Unlike guanidine, the biological roles of PRPP and ppGpp are both well-documented. PRPP is an activated form of ribose 5-phosphate, and a major macromolecular building block (Hove-Jensen et al., 2017). It is a central metabolite used in biosynthesis of purine and pyrimidine nucleotides, the amino acids histidine and tryptophan, nicotinamide adenine dinucleotide, thiamine diphosphate, flavins, and pterins (Hove-Jensen, 1988; Jiménez et al., 2008; White, 1996). The centrality of PRPP within metabolism makes it an appealing target for regulation. ppGpp is an alarmone that initiates the stringent response, a global reaction to nutrient starvation in bacteria (Cashel and Gallant, 1969; Cashel and Kalbacher, 1970; O'Farrell, 1978; Potrykus and Cashel, 2008). Amino acid starvation triggers synthesis of ppGpp and it binds to a variety of effector molecules to initiate sweeping changes in the cell’s transcriptional profile, including a reduction in tRNA and rRNA synthesis and an increase in transcription of amino acid biosynthesis genes (Cashel, 1970; Paul et al., 2005; Ryals et al., 1982; van Ooyen et al., 1976). Consistent with a role in the stringent response, the ppGpp riboswitch turns on transcription of amino acid biosynthesis and transport genes in response to alarmone binding.

Although the tree topology is unknown, a common ancestral RNA likely diverged to recognize guanidine, PRPP, and ppGpp in spite of the chemical and structural diversity among these ligands. PRPP and ppGpp are more similar to each other than either is to guanidine, which reflects the greater similarity in their aptamers. While guanidine harbors a single delocalized positive charge, PRPP and ppGpp harbor multiple separate loci of negative charge. Guanidine is small and achiral with three-fold rotational symmetry, while PRPP and ppGpp are larger, chiral, asymmetric molecules. PRPP and ppGpp both contain ribose sugars and pyrophosphate moieties, but ppGpp has an entire guanine base that PRPP lacks. Bioinformatic evidence suggests that the 2a and 2b aptamers represent an especially concise solution to a central biophysical problem: biologically relevant switching entails recognition of a cognate ligand and rejection of structurally similar alternatives.

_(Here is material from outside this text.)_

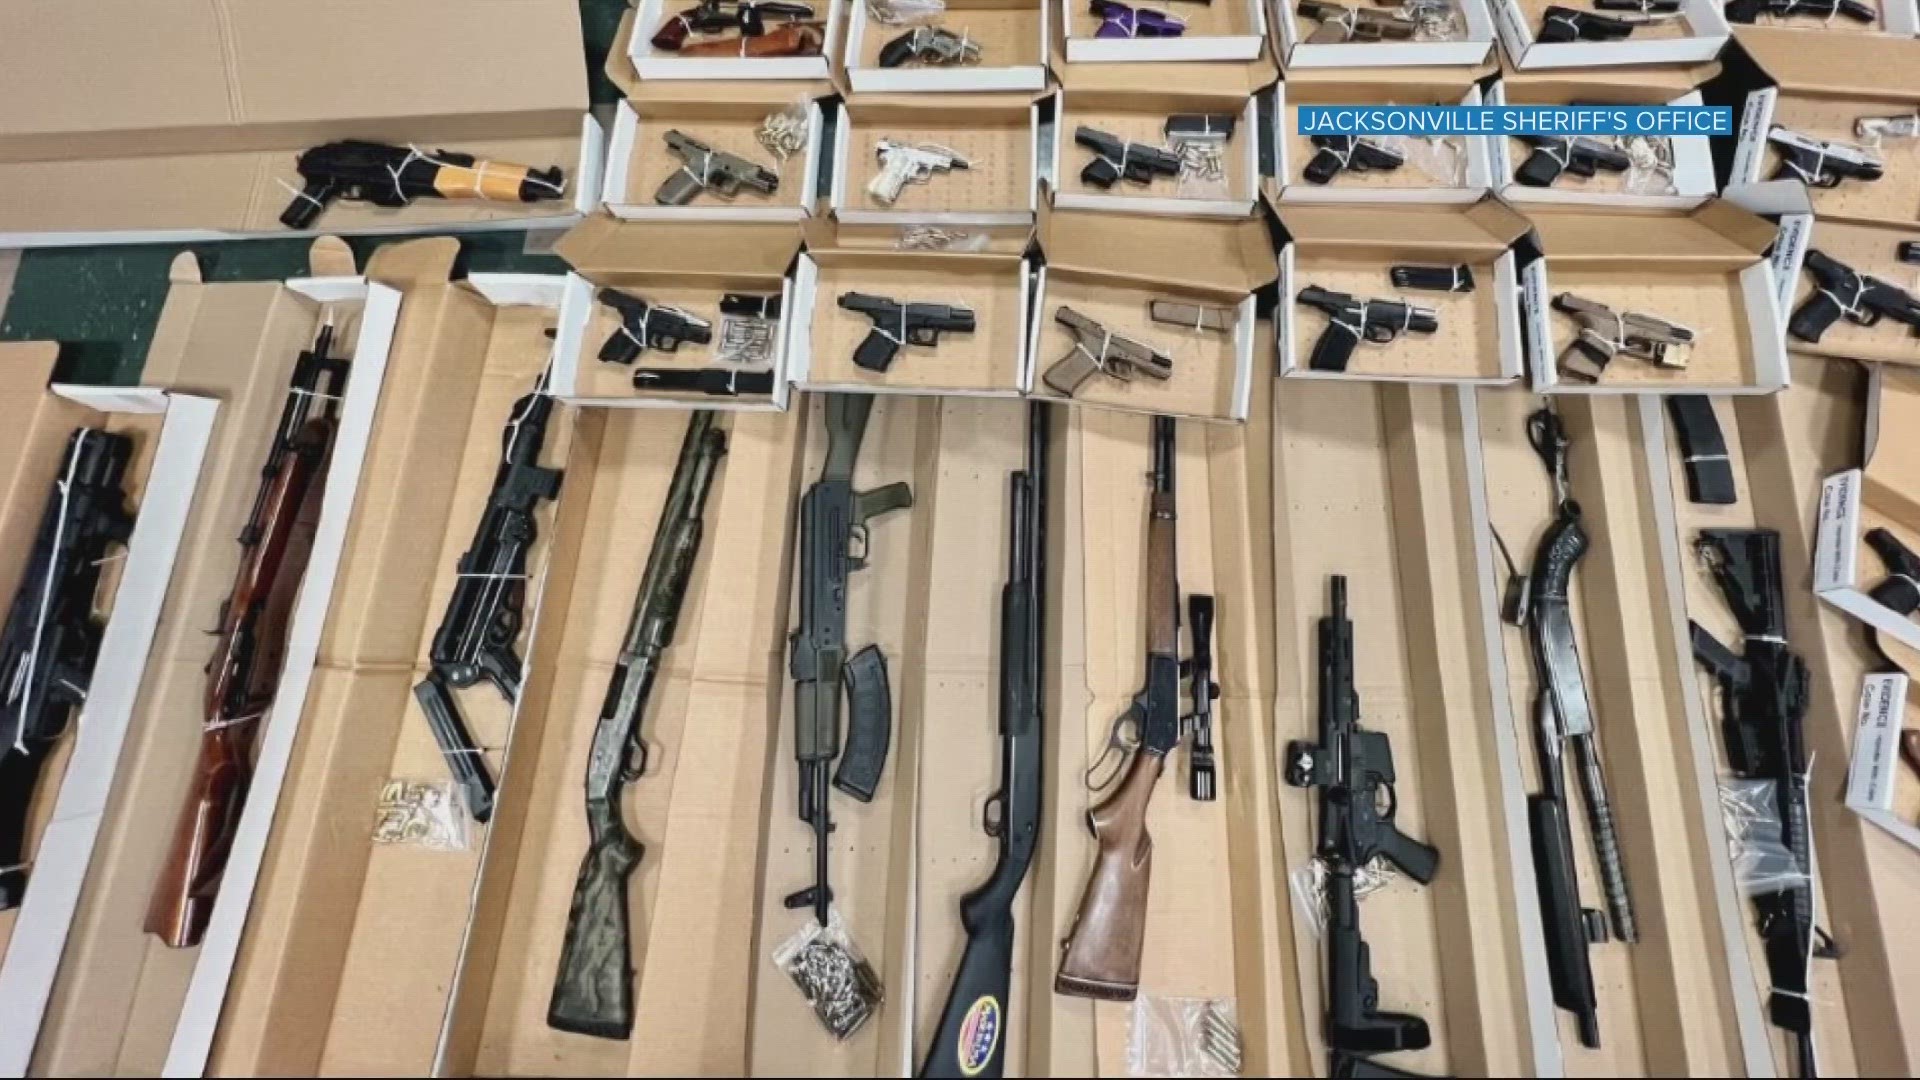 Three men are behind bars after an investigation into what police are calling an armory, drug manufacturing and distribution residence.

We set out to determine how three RNA elements with a common scaffold could recognize such dissimilar ligands with high specificity. Central questions include how a polyanionic macromolecule differentially recognizes two distinct small polyanions, and how the presence or absence of the guanine base changes the RNA’s recognition strategy. To address these questions of molecular recognition by RNA, we report the near-atomic resolution structure of a native ykkC 2b riboswitch in complex with PRPP via X-ray crystallography. We also convert this construct into a ppGpp aptamer with a single G96A mutation and present the structure of the mutant bound to ppGpp. This structural and biochemical information reveals how the ykkC RNA differentiates between ppGpp and PRPP. This study showcases the functional plasticity of RNAs and the evolvability of RNA function from a single structural scaffold.

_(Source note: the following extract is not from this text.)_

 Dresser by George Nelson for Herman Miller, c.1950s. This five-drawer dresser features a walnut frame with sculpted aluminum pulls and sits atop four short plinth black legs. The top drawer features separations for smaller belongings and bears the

The structure of the wild-type PRPP aptamer and a single point mutant ppGpp aptamer

To understand the basis of ligand recognition by the PRPP riboswitch, we determined the crystal structure of the aptamer domain of the ykkC 2b riboswitch from Thermoanaerobacter mathranii at 2.5 Å resolution in the presence of its native ligand, PRPP (Supplementary file 1). PRPP is an activated metabolic intermediate. As a result, it is highly unstable. It degrades on a time course of minutes to hours via several mechanisms in the presence of divalent metal ions, acidic or basic pH, and/or elevated temperatures (Dennis et al., 2000; Hove-Jensen et al., 2017; Khorana et al., 1958; 1955; Meola et al., 2003; Remy et al., 1955). However, binding to the PRPP riboswitch aptamer domain protects PRPP on a time scale of hours to days (Figure 1—figure supplement 1). The stabilizing effect of the aptamer permitted crystals of the intact complex to be observed after two days. Once formed, unfrozen crystals disappeared after approximately five to ten days, underscoring the need for prompt crystallization and cryogenic preservation in this study. The structure was solved by molecular replacement using the guanidine-I aptamer as an initial model. After model building and refinement, the model fit the data with an Rwork of 0.216 and an Rfree of 0.253.

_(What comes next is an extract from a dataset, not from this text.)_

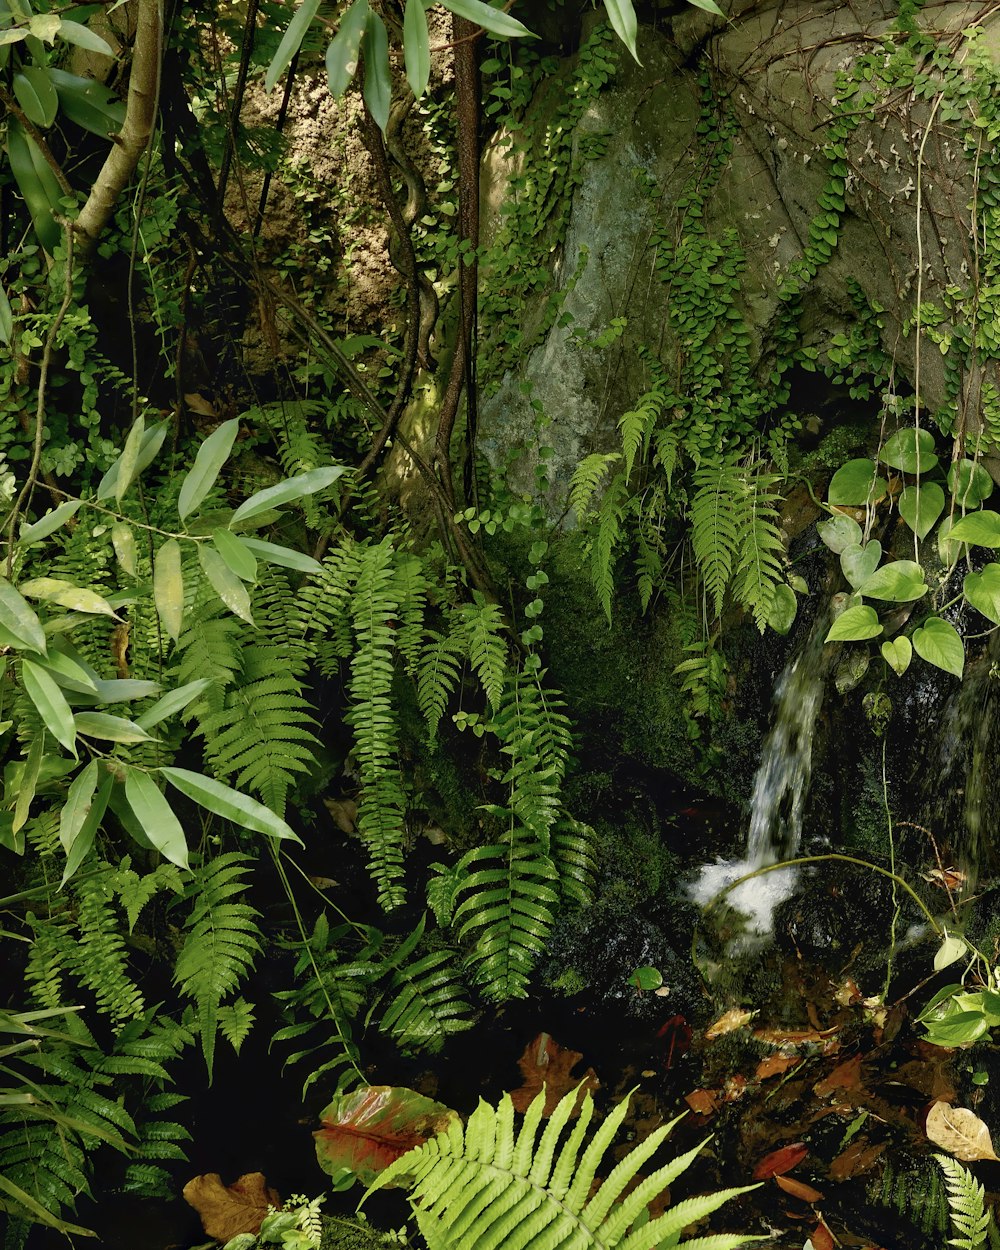 a small waterfall in the middle of a lush green forest

Like its parent aptamer, the PRPP riboswitch contains two adjacent helical stacks (Figure 1). P3 forms a large portion of the binding pocket, and a conserved loop at the end of P3 docks into P1a. This allows conserved nucleotides from P1a to participate in ligand recognition. P1, P1a, P1b, and P2 together form a continuous coaxial stack adjacent to P3. However, unlike the guanidine aptamer, the PRPP aptamer has structured tails at the 5′ and 3′ ends that are not conserved in the guanidine riboswitch. The ends pair to form an additional short helix that we have termed P0, resulting in a four-way junction between P0, P1, P2, and P3. P0 coaxially stacks with P3 and extends the binding pocket for recognition of the larger PRPP ligand. The overall architecture of the PRPP aptamer reveals that it is a rather conservative adaptation of the guanidine aptamer with key differences that allow for PRPP recognition.

Figure 1 with 2 supplements see all
Overall structure of the PRPP riboswitch and its G96A mutant, which is a ppGpp aptamer.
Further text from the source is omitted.